Death and emphysema? Death from emphysema. Does emphysema cause dementia? Does emphysema cause alzheimers disease?

Wednesday, June 9, 2010

Talking on the phone good for Mom but makes me crazy!!!!

When I can't visit my mom I try to call every couple of days.  This has become torture for me and those around me because Mom just can't hear.   She won't wear a hearing aid and the longer she talks the farther down her face - and away from her ear - slides the phone.   After 15 minutes I end up screaming the same things over and over, finally saying "never mind".    When i want to hang up it's a three stage process.  Stage 1, I tell her I need to get going for what ever reason then she asks what we'll be doing for the next few days.  Stage 2, I tell her I need to get off the phone for what ever reason, then she tells me what she's been doing - this is all after about 30 minutes of the very same conversation.  Stage 3, I tell her again that I'll have to hang up and she asks again where we'll be going next, her voice waivers and I can tell she's ready to cry.   By stage 3, she is asking, what? what? again and I'm yelling the same thing over and over...  I'm ticked off, my voice is louder and the tone lower.  Anyone around me is ready to grab the phone from my hand and slam it to the floor.

It's like having a little kid, I can't be mad at her because she just doesn't understand.  She NEEDS the calls and the company.
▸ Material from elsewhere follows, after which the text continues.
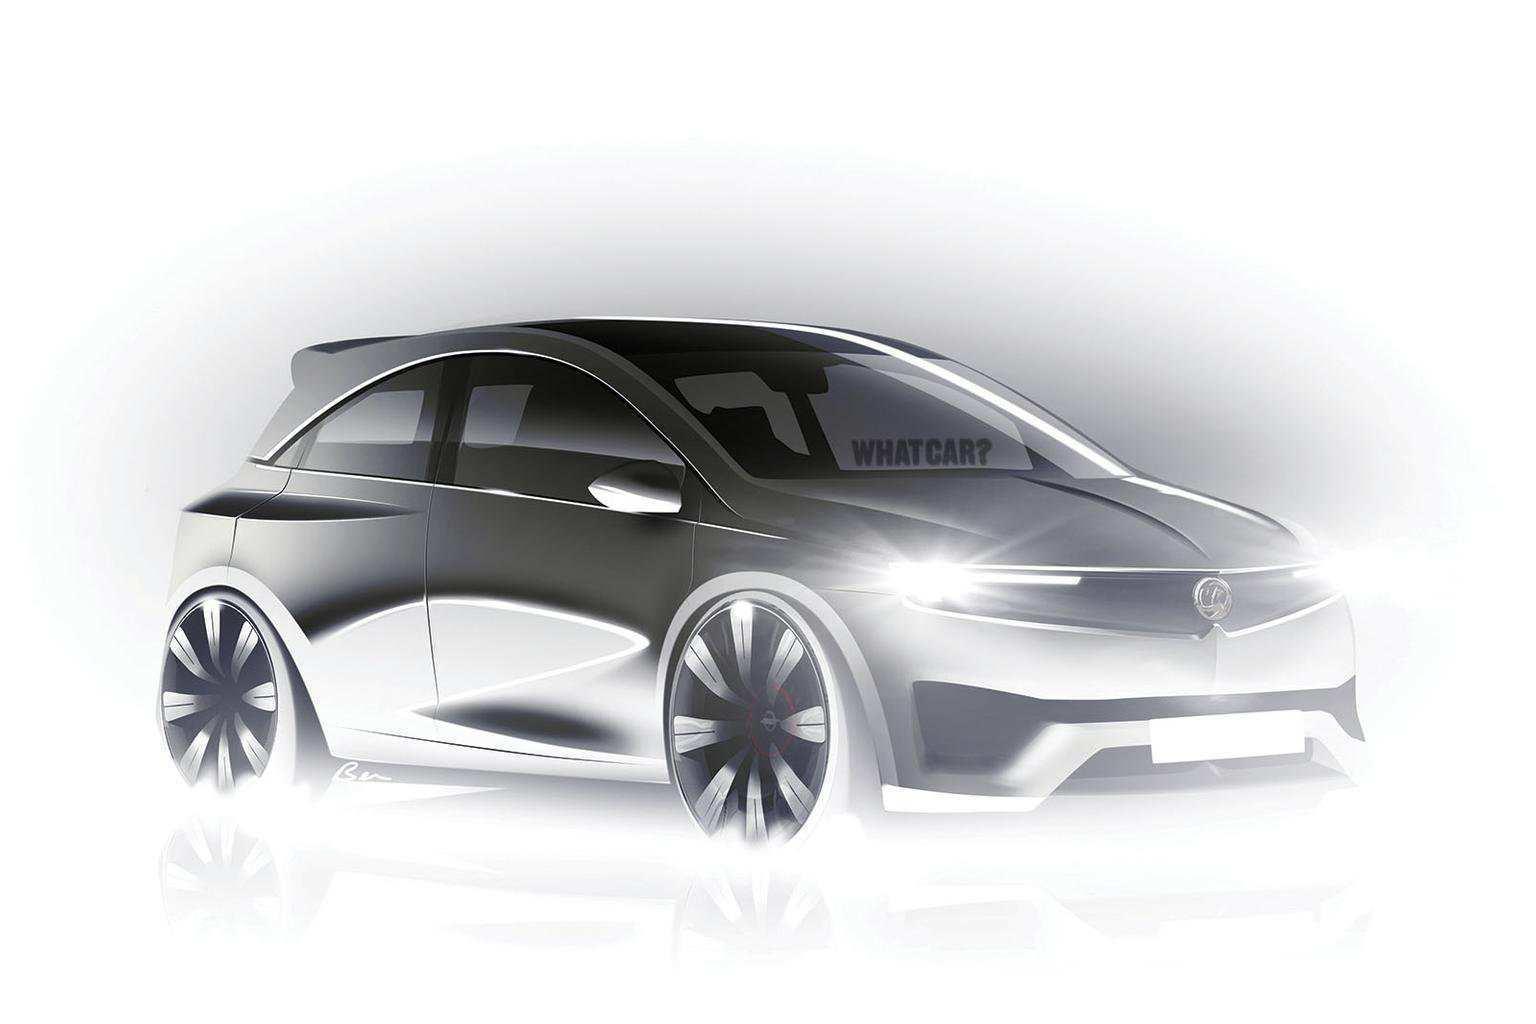 87 New Opel Tigra 2019 Price for Opel Tigra 2019

She can't hear well, she's just happy to have a conversation with someone she loves and she knows loves her.  How can I rush that?  How can I hang up?  How can I NOT feel like crap for getting so frustrated.  I can't; it's just one of those things I have to live with .  I try to call her only from home where the only ones bothered are my husband and me.  I know it will take 3 tries to get her off the phone and I know she'll get weepy so I brace myself and get ready for the stages.  When she gets to the point that we DO NOT go through all 3, I'll know something is really wrong. 

Monday, June 7, 2010

Financial assistance for caregivers hard to come by...

Caring for elderly parents often means financial hardships and sacrifices for the elders and their families.  In my own sphere of the world I've spent more money than I can count on travel to help my parents. My husband put a new roof on his mother's home and bought appliances as her old ones gave out.   Friends have taken their parents into their homes, paid supplemental insurance premiums and prescriptions.  Now some purchase clothing, shoes, personal care items and goodies once their parents go on medicaide.  Medicaide permits the elder to keep between $30-50 per month for personal expenses but often it's not enough even for a little splurge.

I  read articles and questions/answers on and just noticed that they have a special section specifically for care givers and finances.  See it here:  Aging Care, financial articles. Remember that financial resources for care givers are FEW, someone might find some assistance so I feel it's important to share.

Can I get paid for taking care of mom dad? Can i get paid for staying home with husband wife? Can daughter get paid for taking care of grandma grandpa grandmother grandfather? Will medicaide medicaid pay me to stay home with mother? will medicare pay me to stay at home with parent spouse?